| Work request |
Find the line that contains "PINSTRUMENTS pTrumpet ブルー". Copy it and every line after it to the end of the material below, exactly, with no pictures.

*** Opening Data excerpt ***

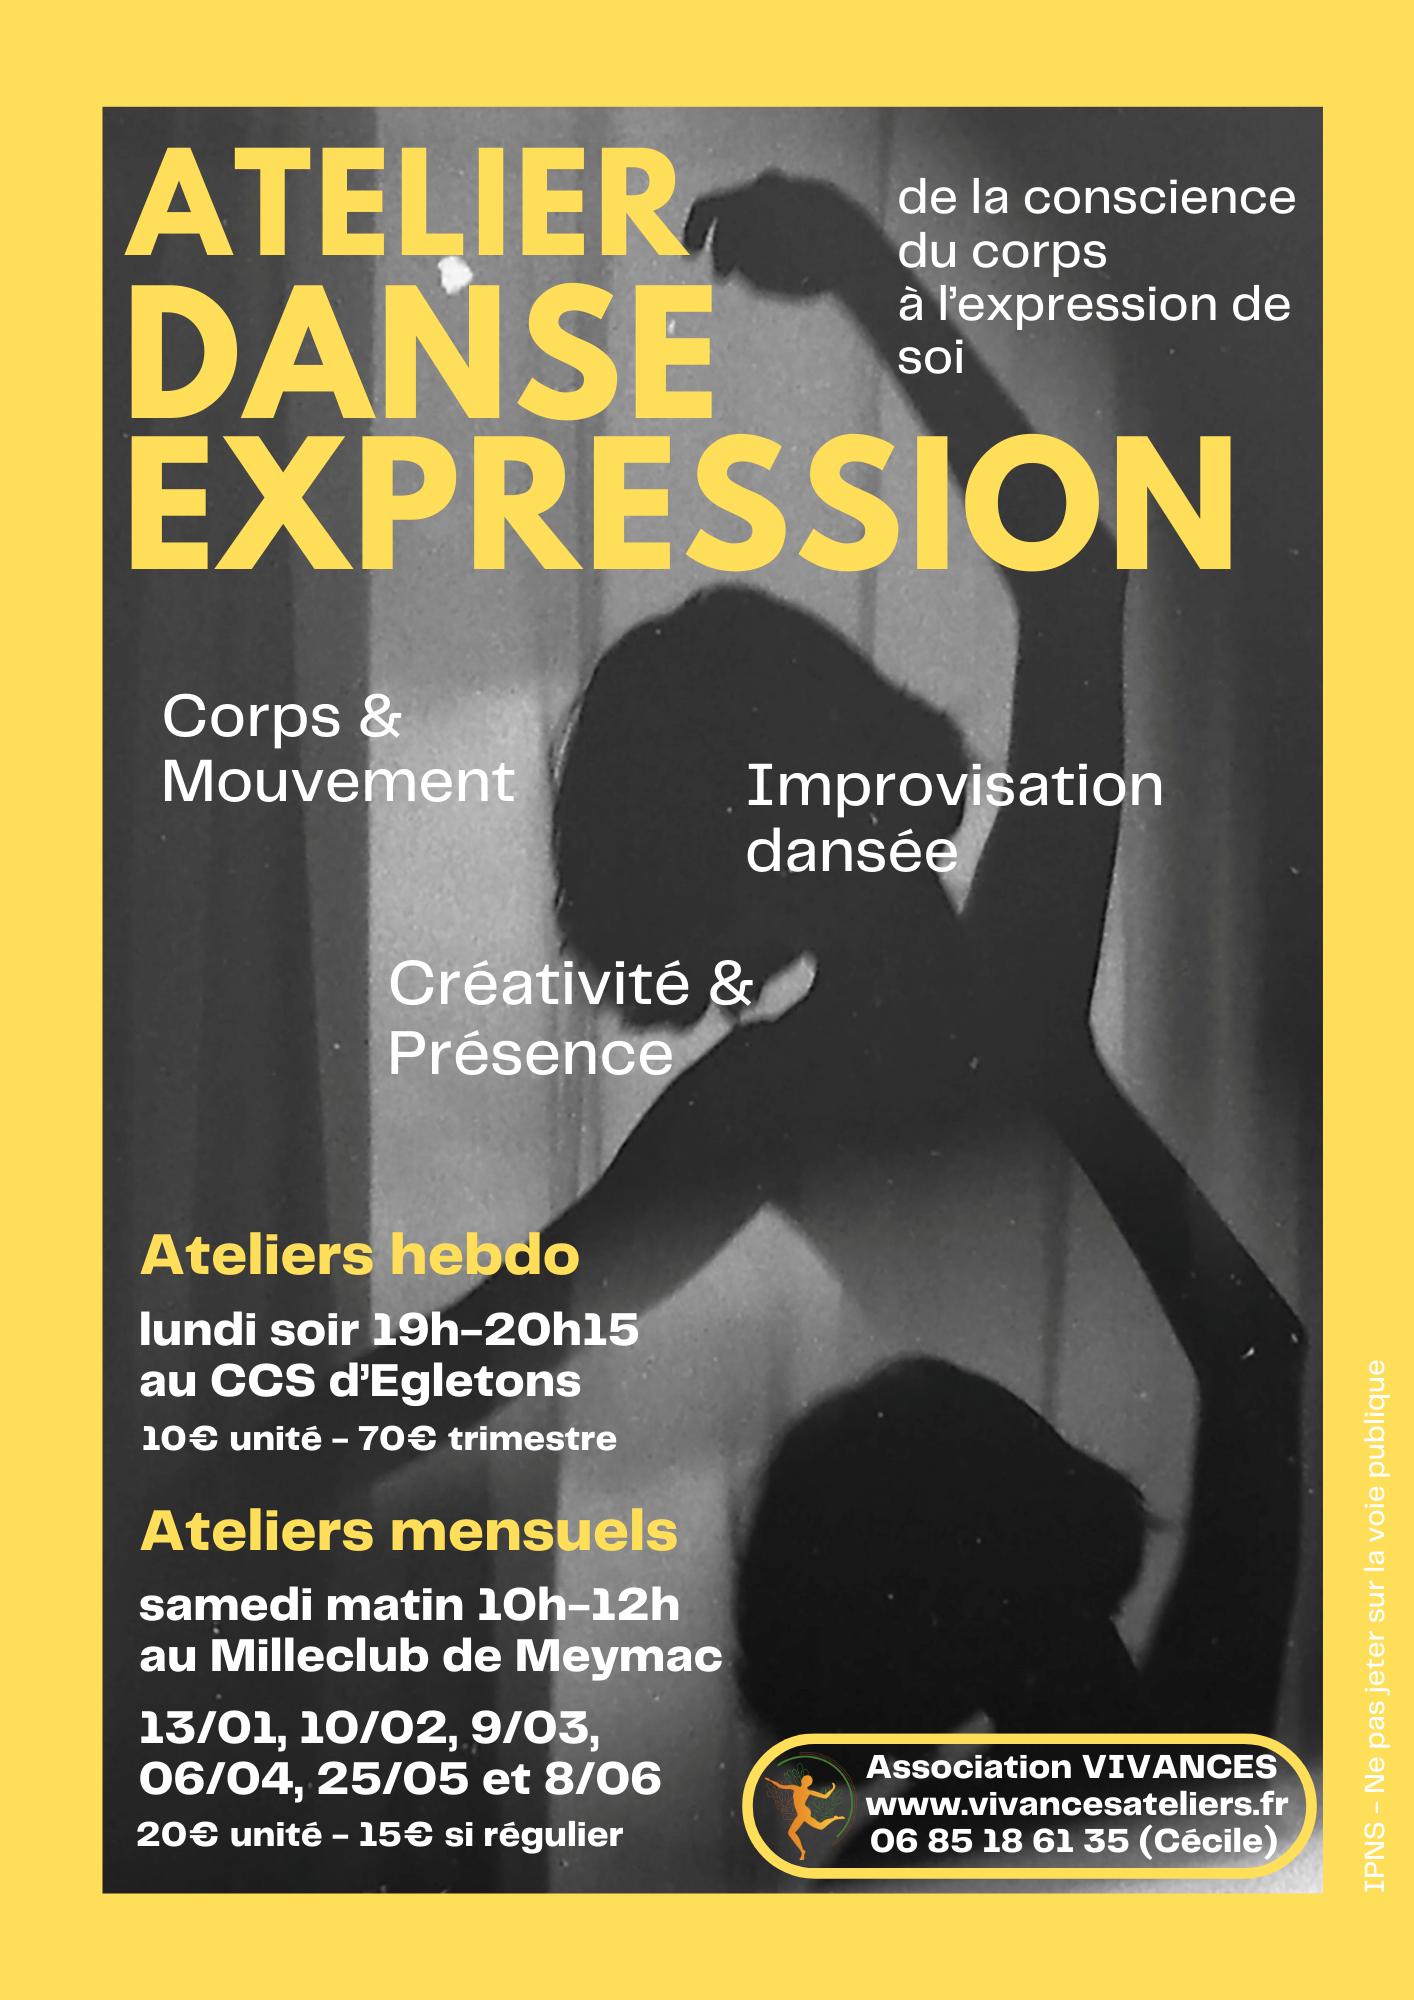 DanseExpressionV1 - 1
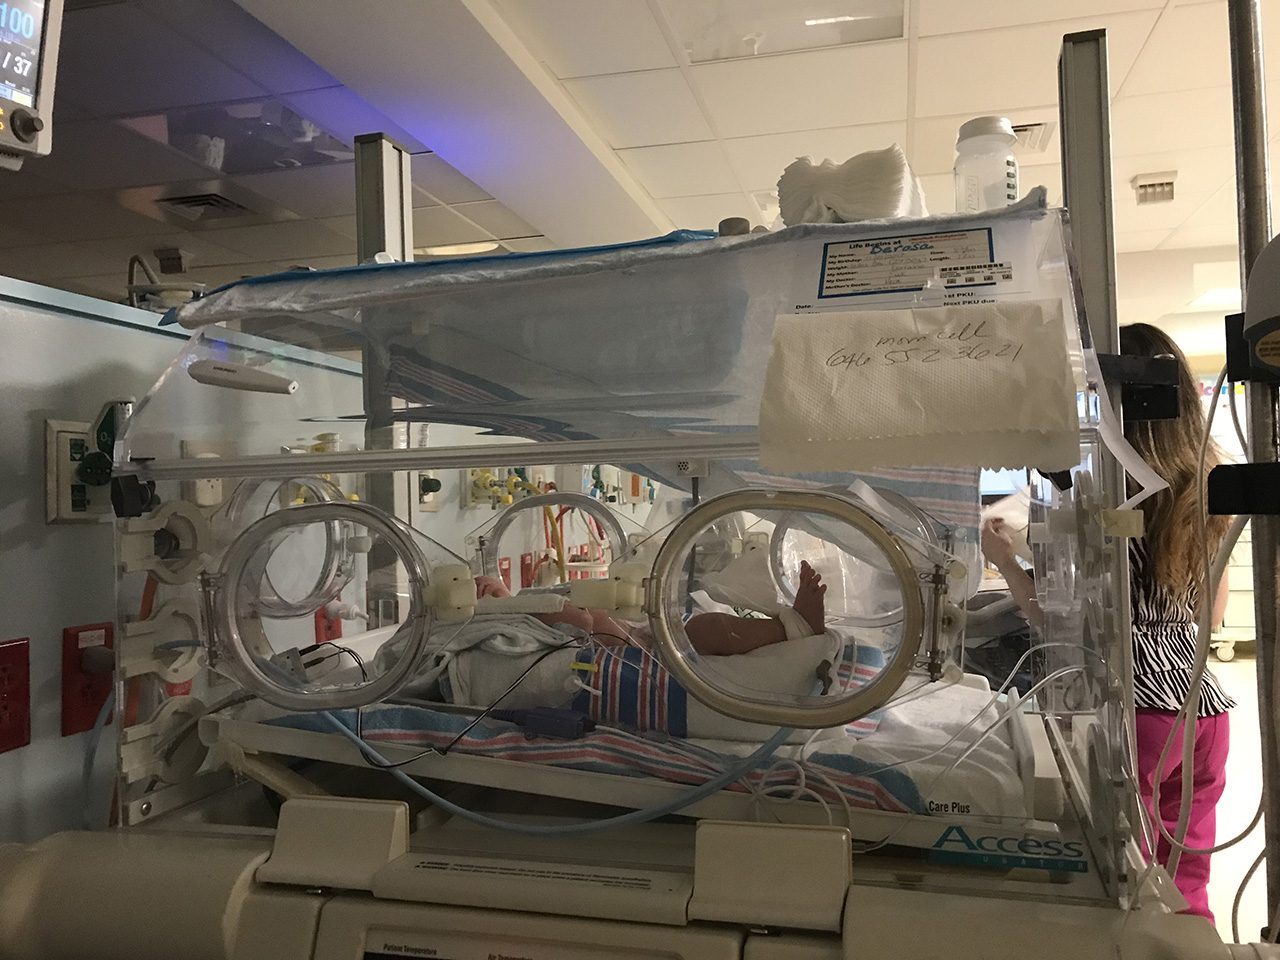 Photo of a premature baby boy in an incubator in the NICU
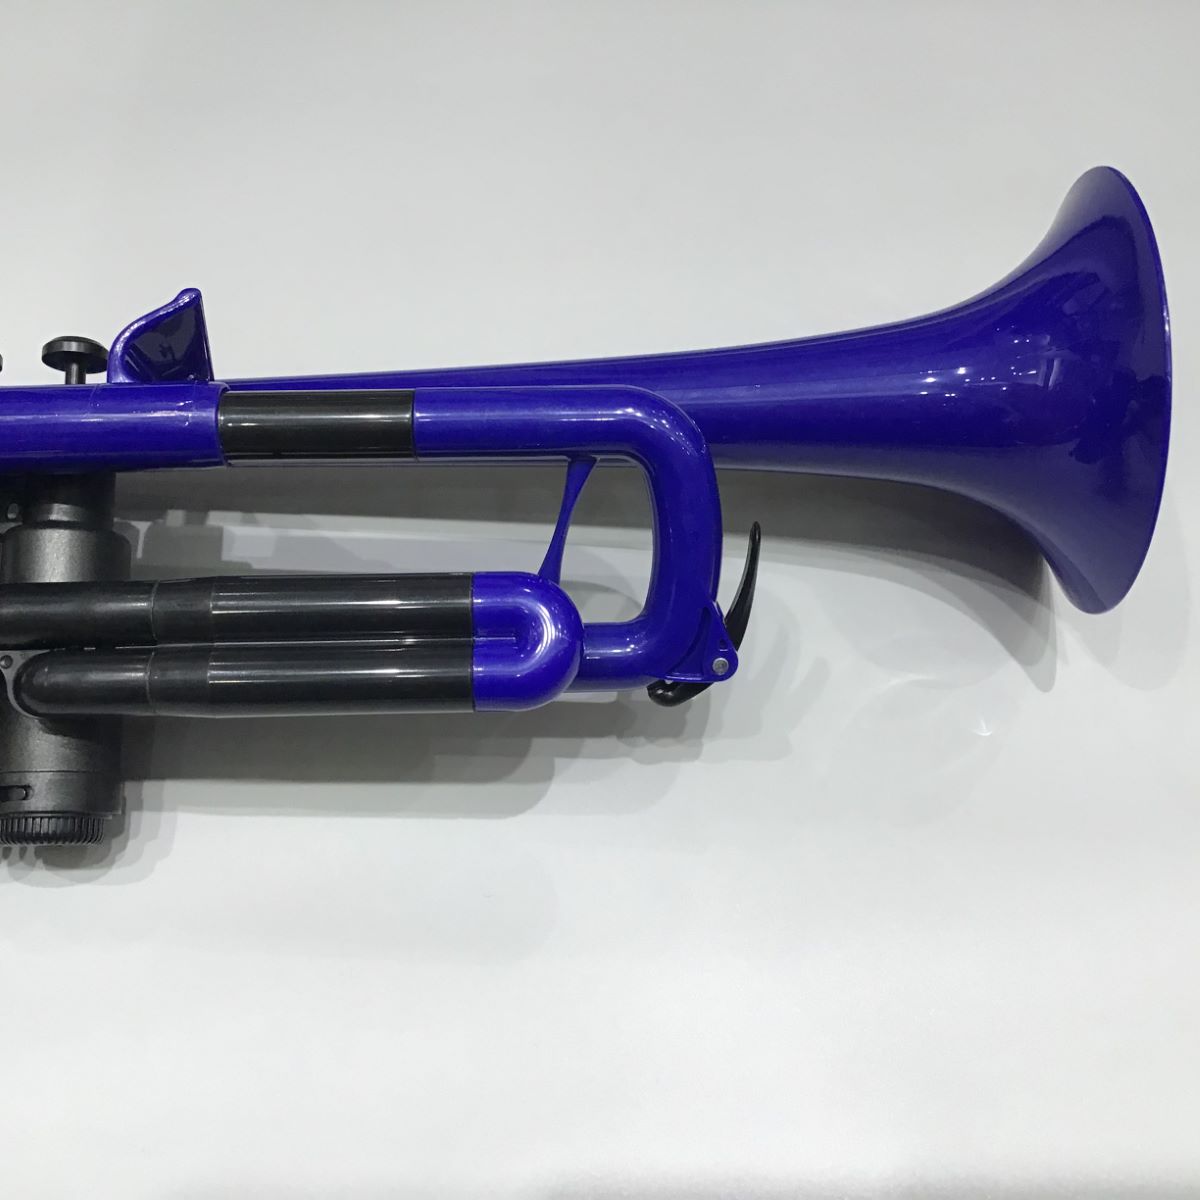 PINSTRUMENTS pTrumpet ブルー プラスチック トランペット 管楽器 Pトランペット trumpet blue PTRUMPET1B ミュート セット 2　北海道 沖縄 離島不可
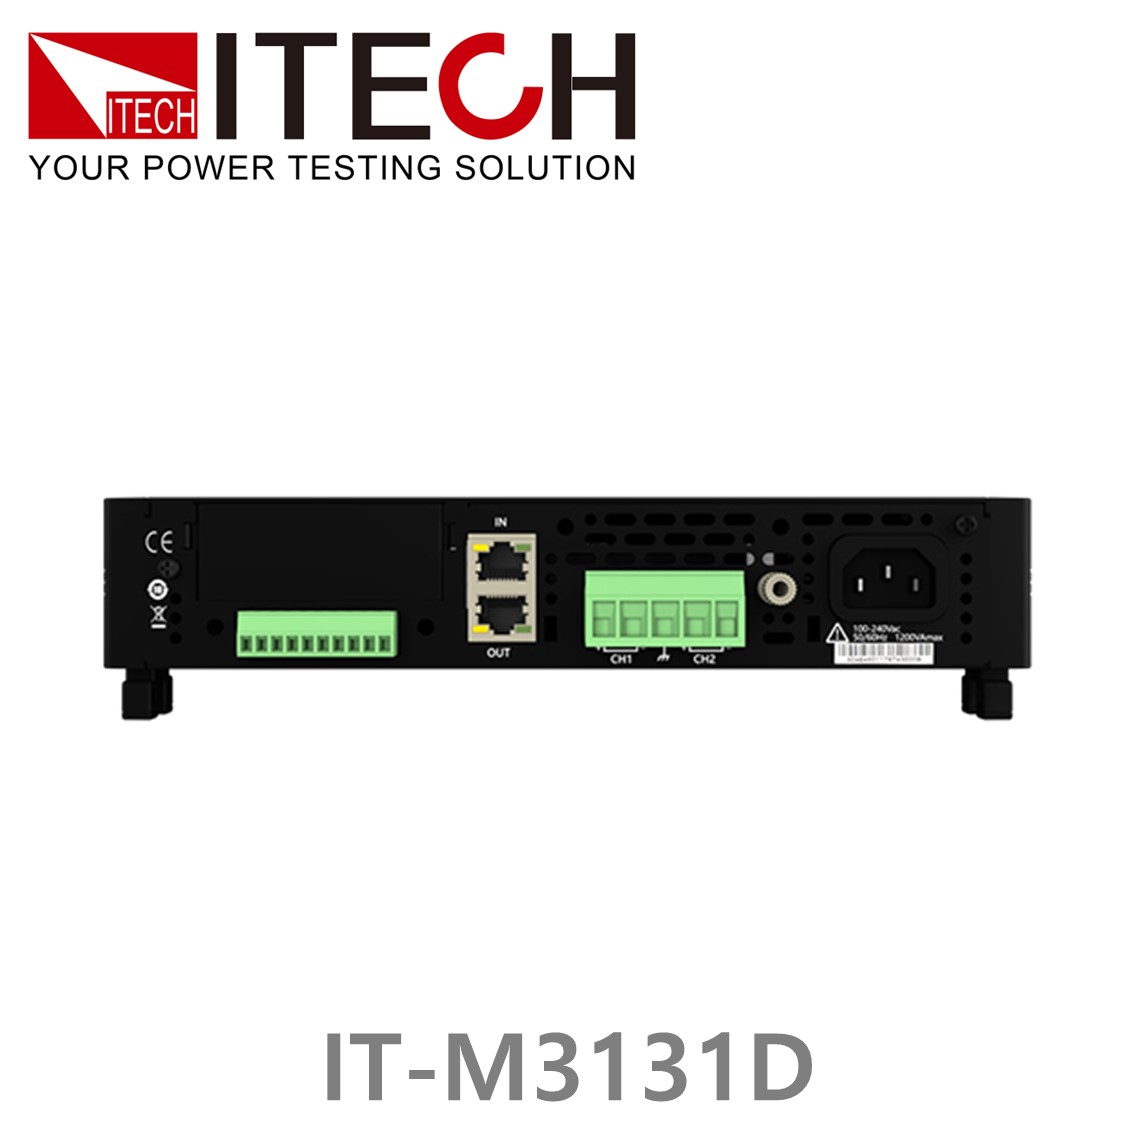 [ ITECH ] IT-M3131D 듀얼 채널 채널 프로그래머블 DC파워서플라이,DC 전원공급기 30V/15A/200W

*** Closing Data excerpt ***

| Answer box |
 PINSTRUMENTS pTrumpet ブルー プラスチック トランペット 管楽器 Pトランペット trumpet blue PTRUMPET1B ミュート セット 2　北海道 沖縄 離島不可
 [ ITECH ] IT-M3131D 듀얼 채널 채널 프로그래머블 DC파워서플라이,DC 전원공급기 30V/15A/200W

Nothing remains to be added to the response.